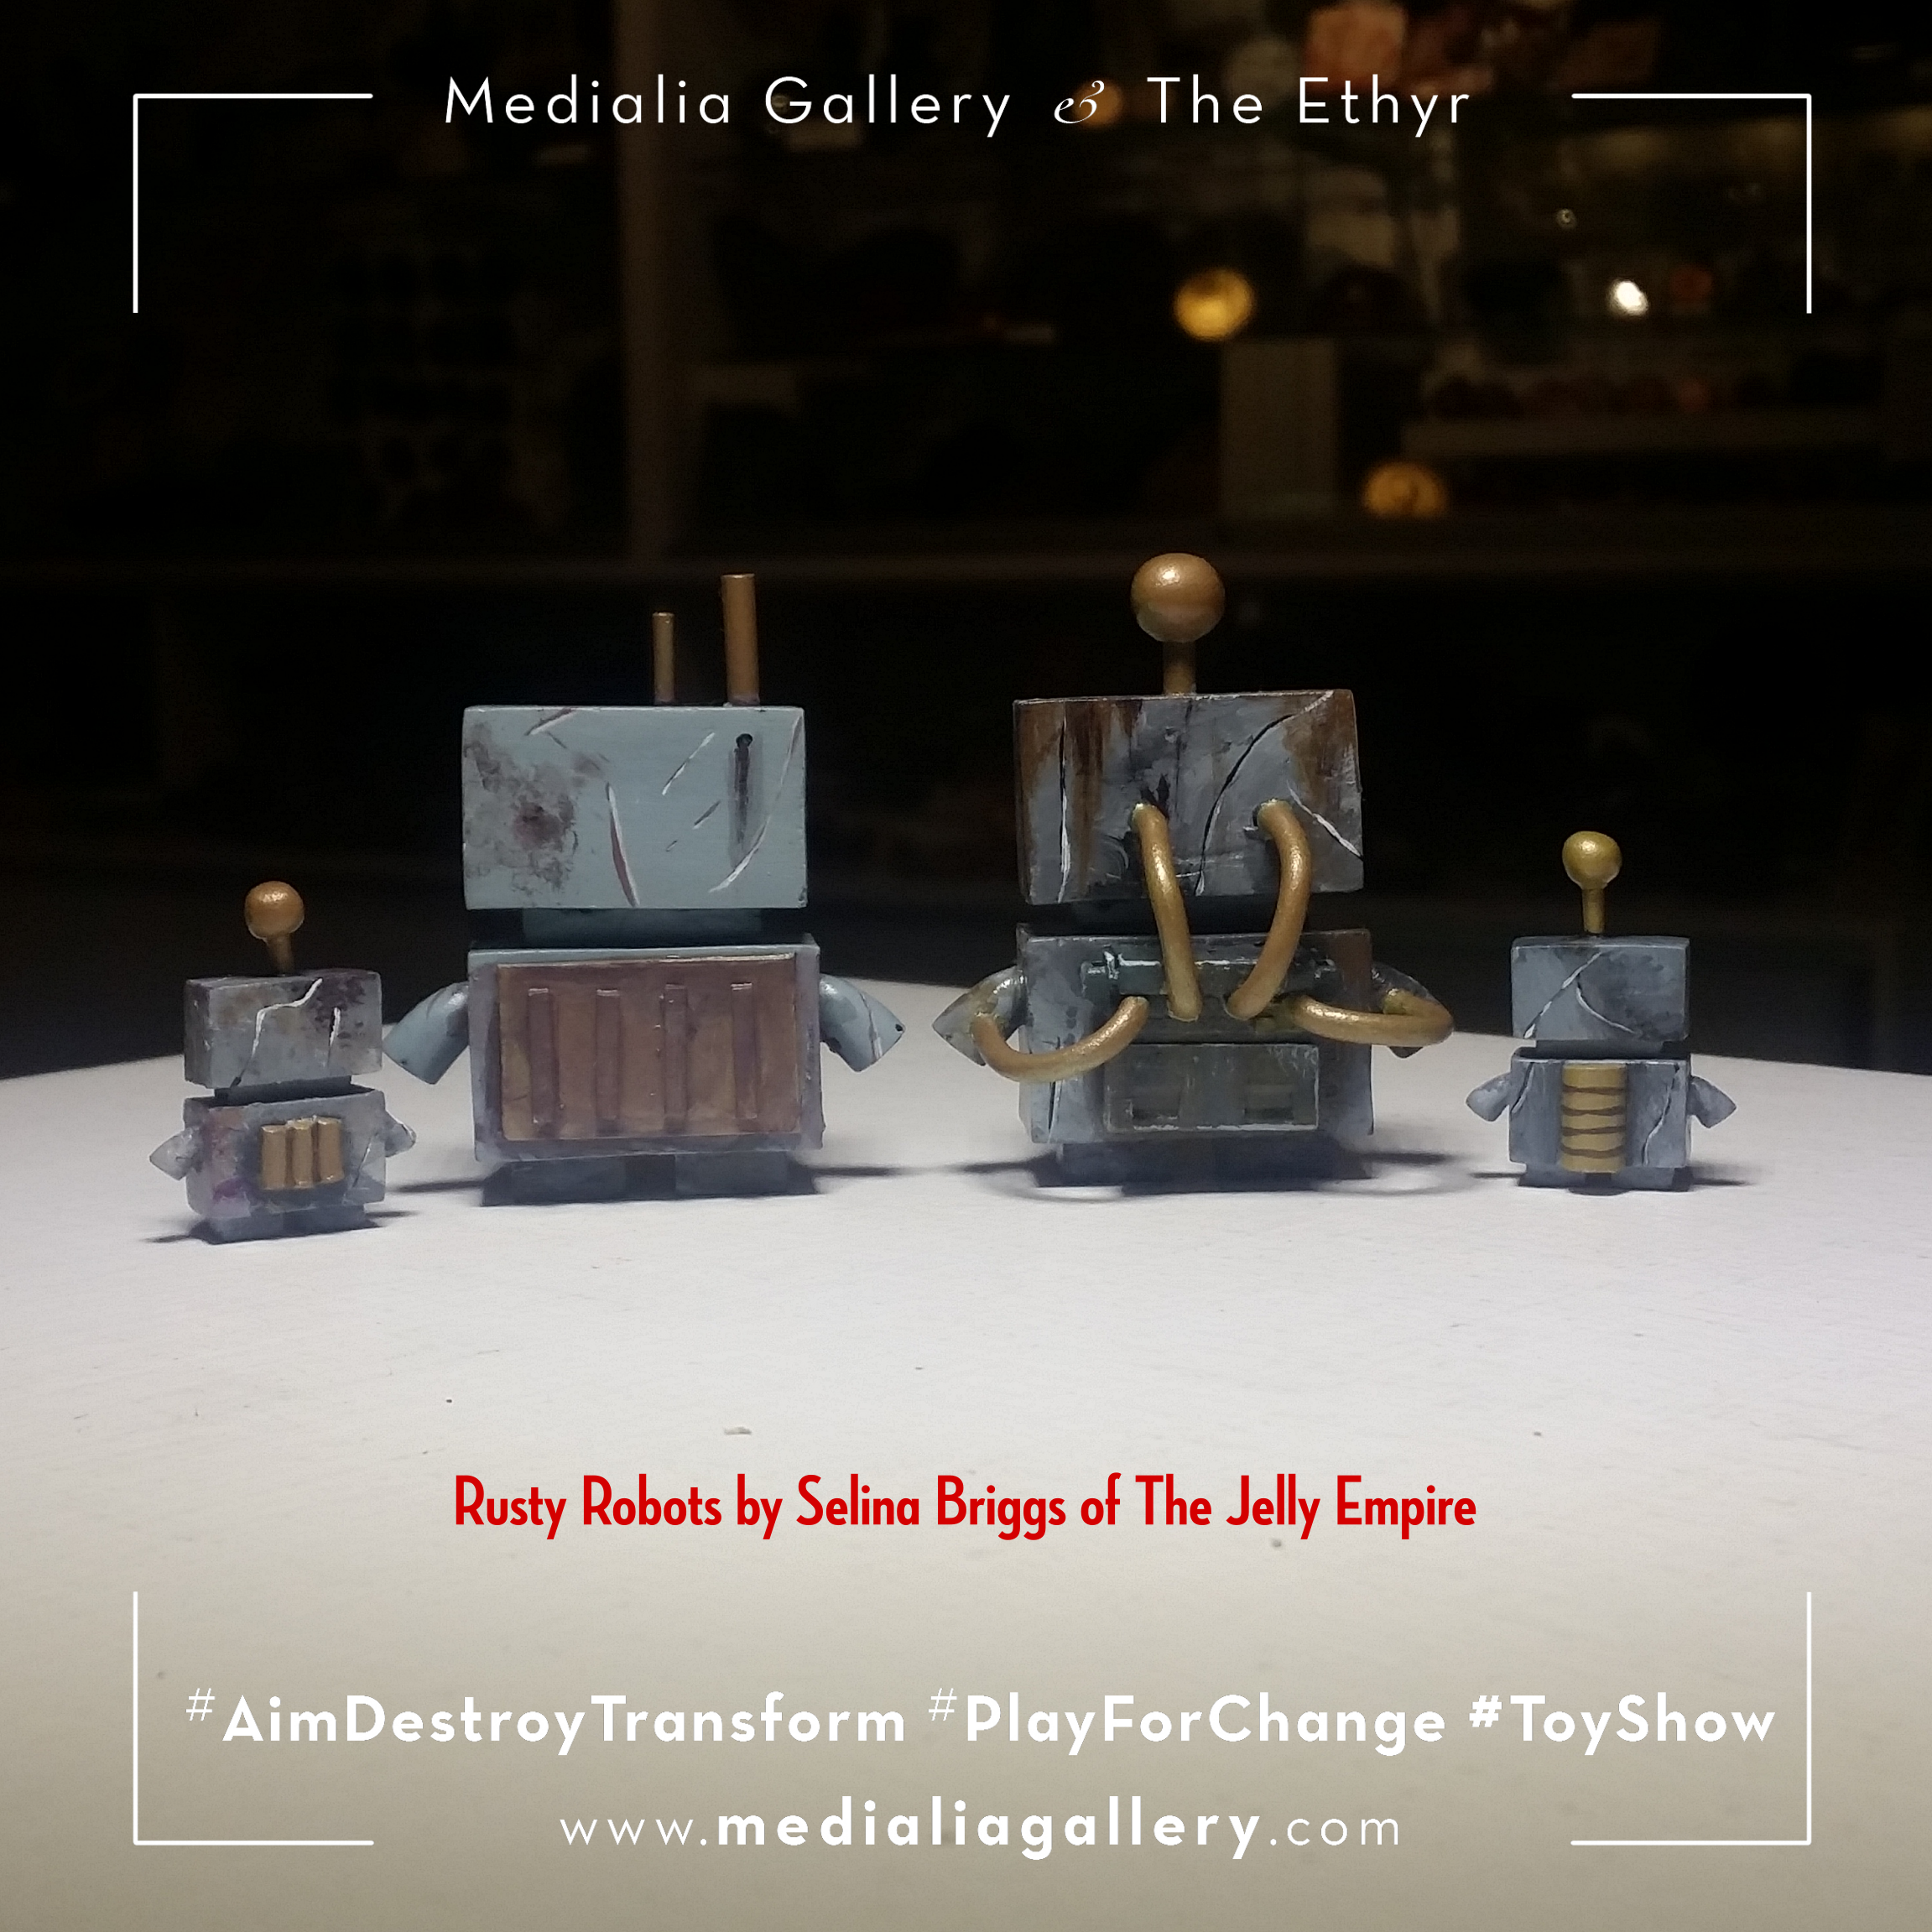 MedialiaGallery_The_Ethyr_AimDestroyTransform_Toy_Show_announcement_The_Jelly_Empire_Robots_Selina_Briggs_VI_November_2017.jpg.png
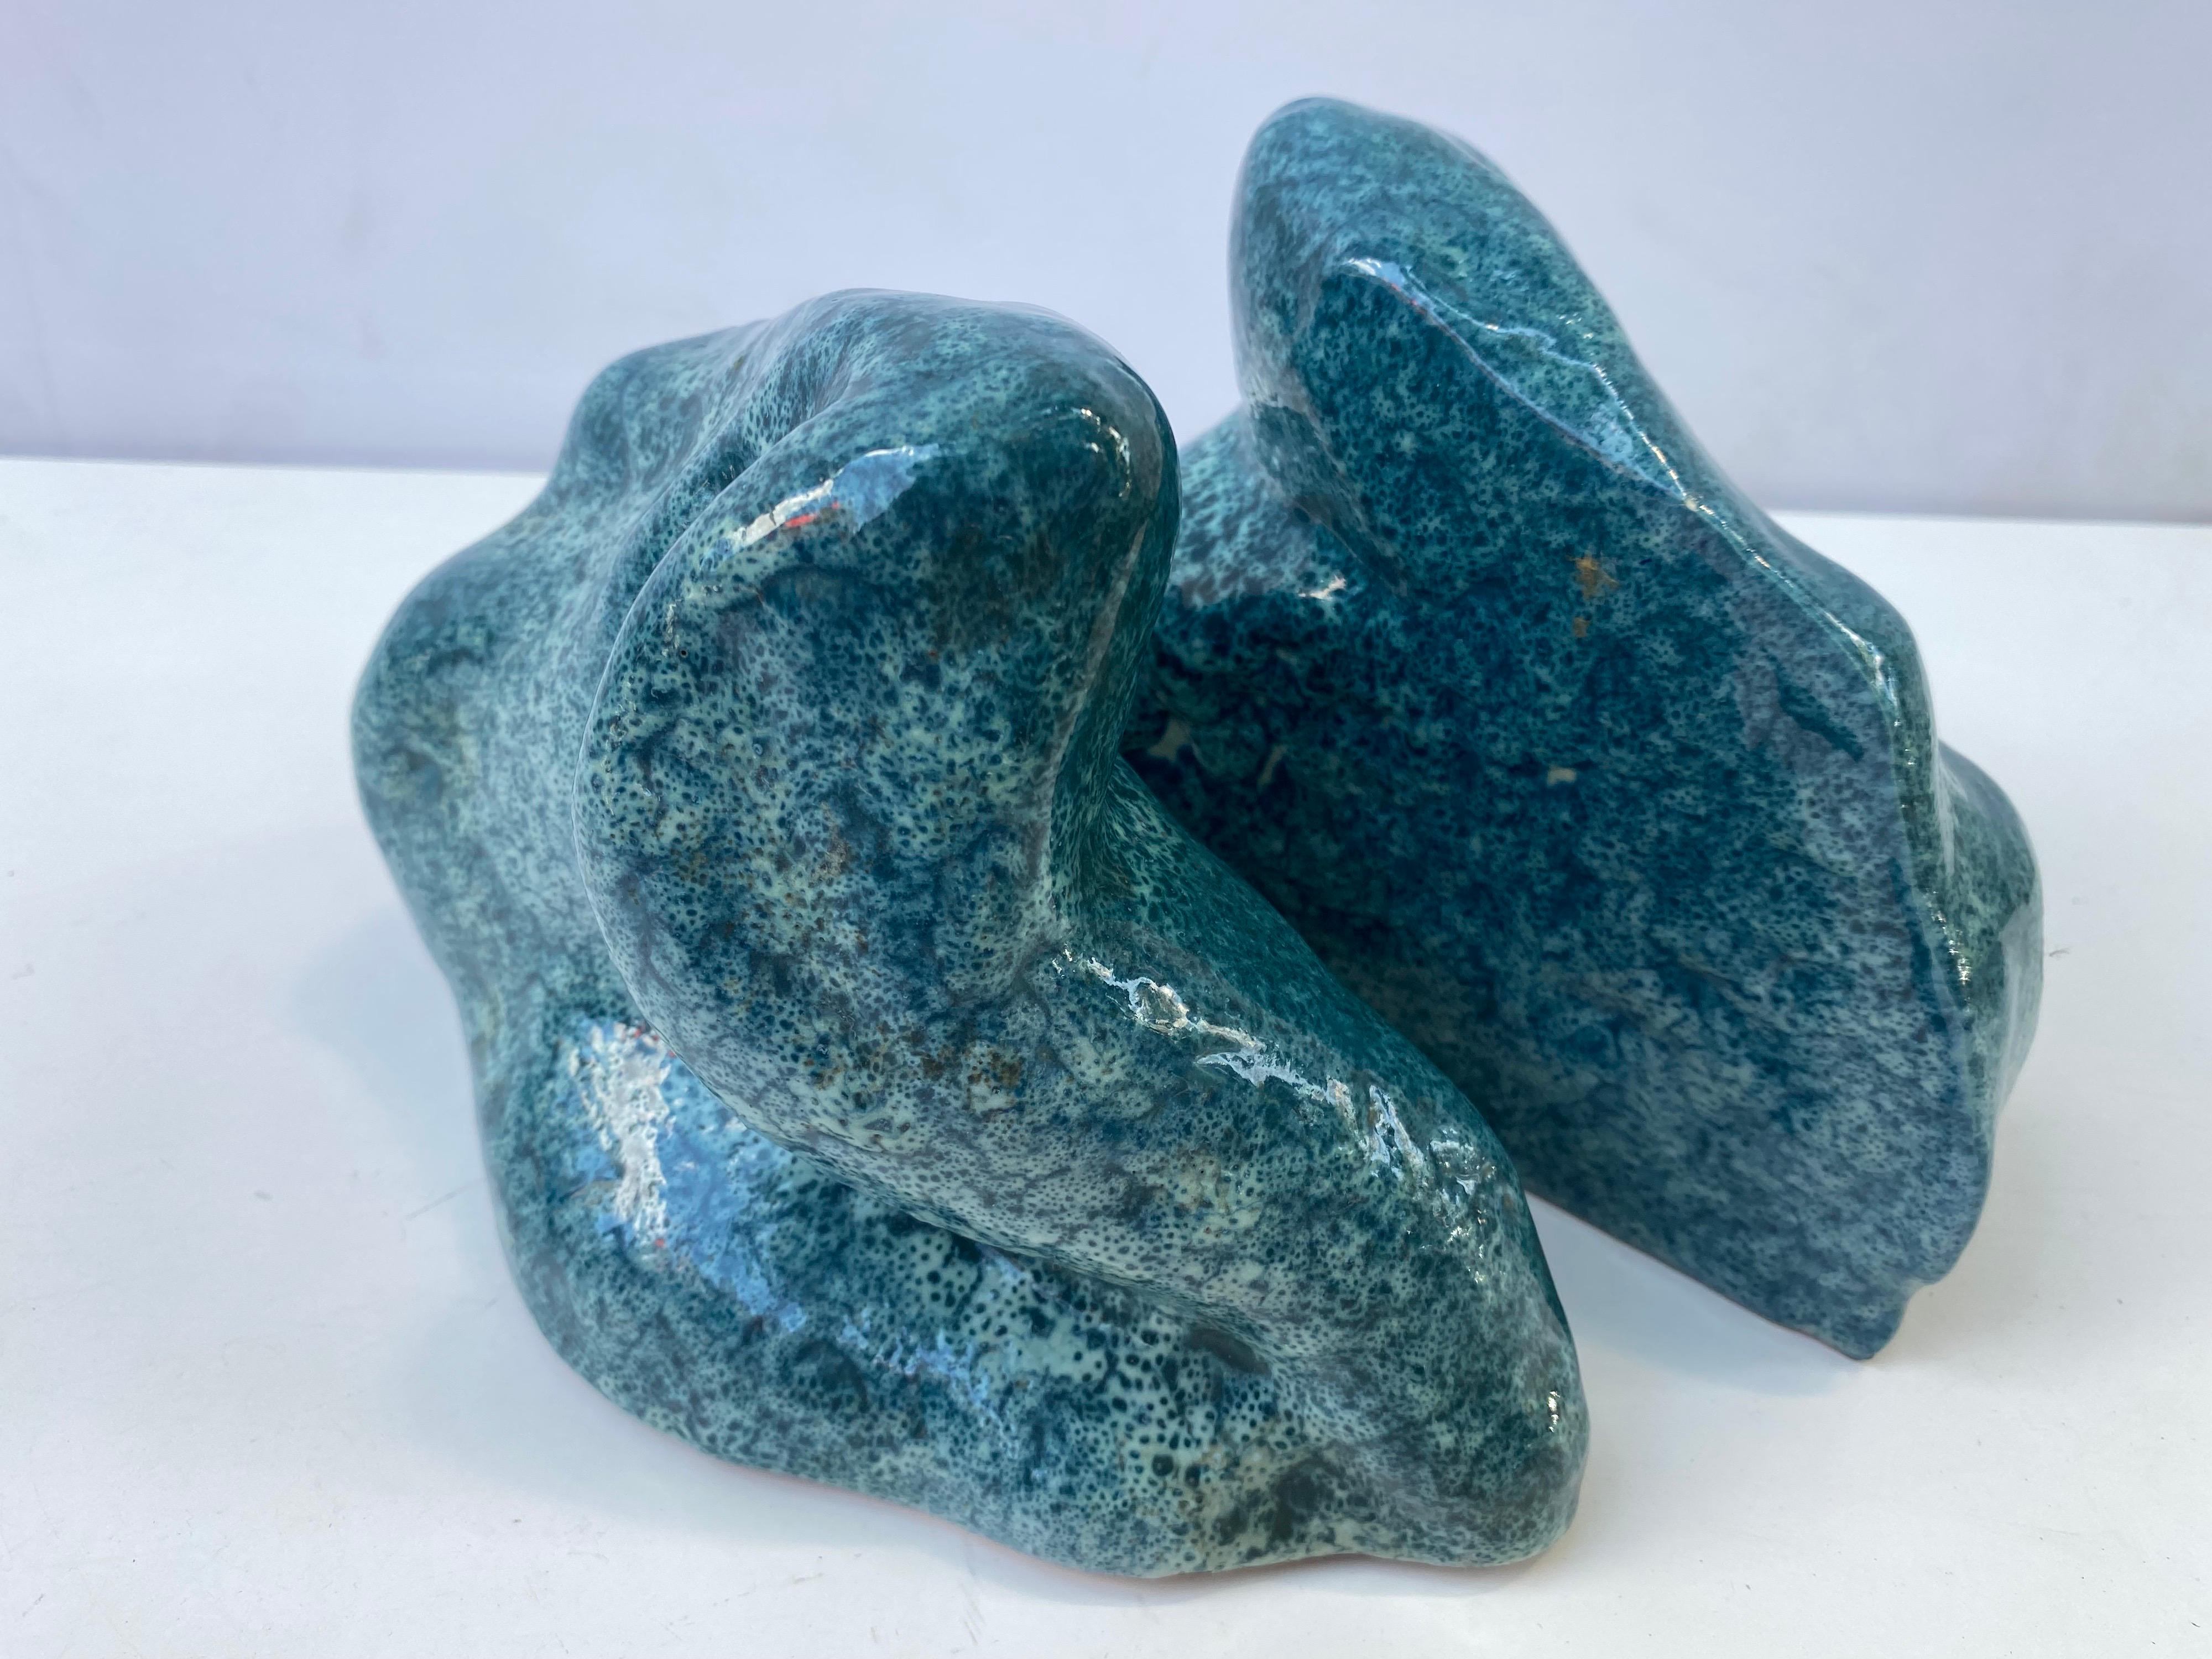 Ceramic free form blue bookends. Weighted bookends with a bluish glaze. Looks like a molten dropped liquid!
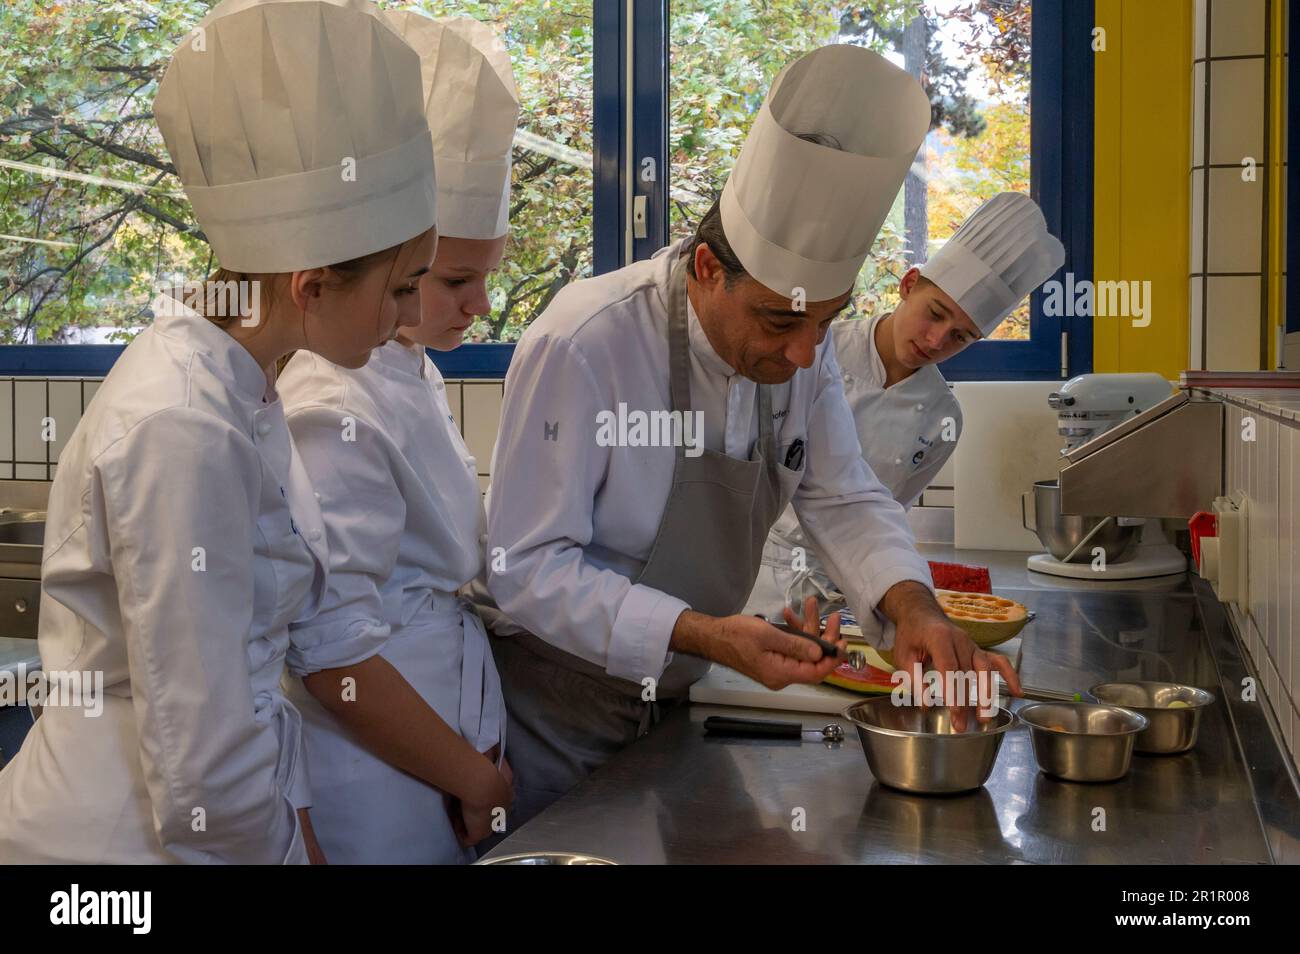 Italy, Trentino-Alto Adige, Alto Adige - South Tyrol, Eisacktel, Bressanone, Provincial Vocational School for the Hospitality and Food Industry, Emma Hellenstainer, Armin Mairhofer, Pearls of marinated melons, cucumbers, oyster cabbage Stock Photo

____________________

**WORK ORDER:** Beginning with the line that contains "Ceramic free form" and ending with the final line of the material, reproduce those lines exactly and nothing else. Omit the pictures.

**WRITTEN ANSWER:**
 Ceramic free form blue bookends. Weighted bookends with a bluish glaze. Looks like a molten dropped liquid!
 Italy, Trentino-Alto Adige, Alto Adige - South Tyrol, Eisacktel, Bressanone, Provincial Vocational School for the Hospitality and Food Industry, Emma Hellenstainer, Armin Mairhofer, Pearls of marinated melons, cucumbers, oyster cabbage Stock Photo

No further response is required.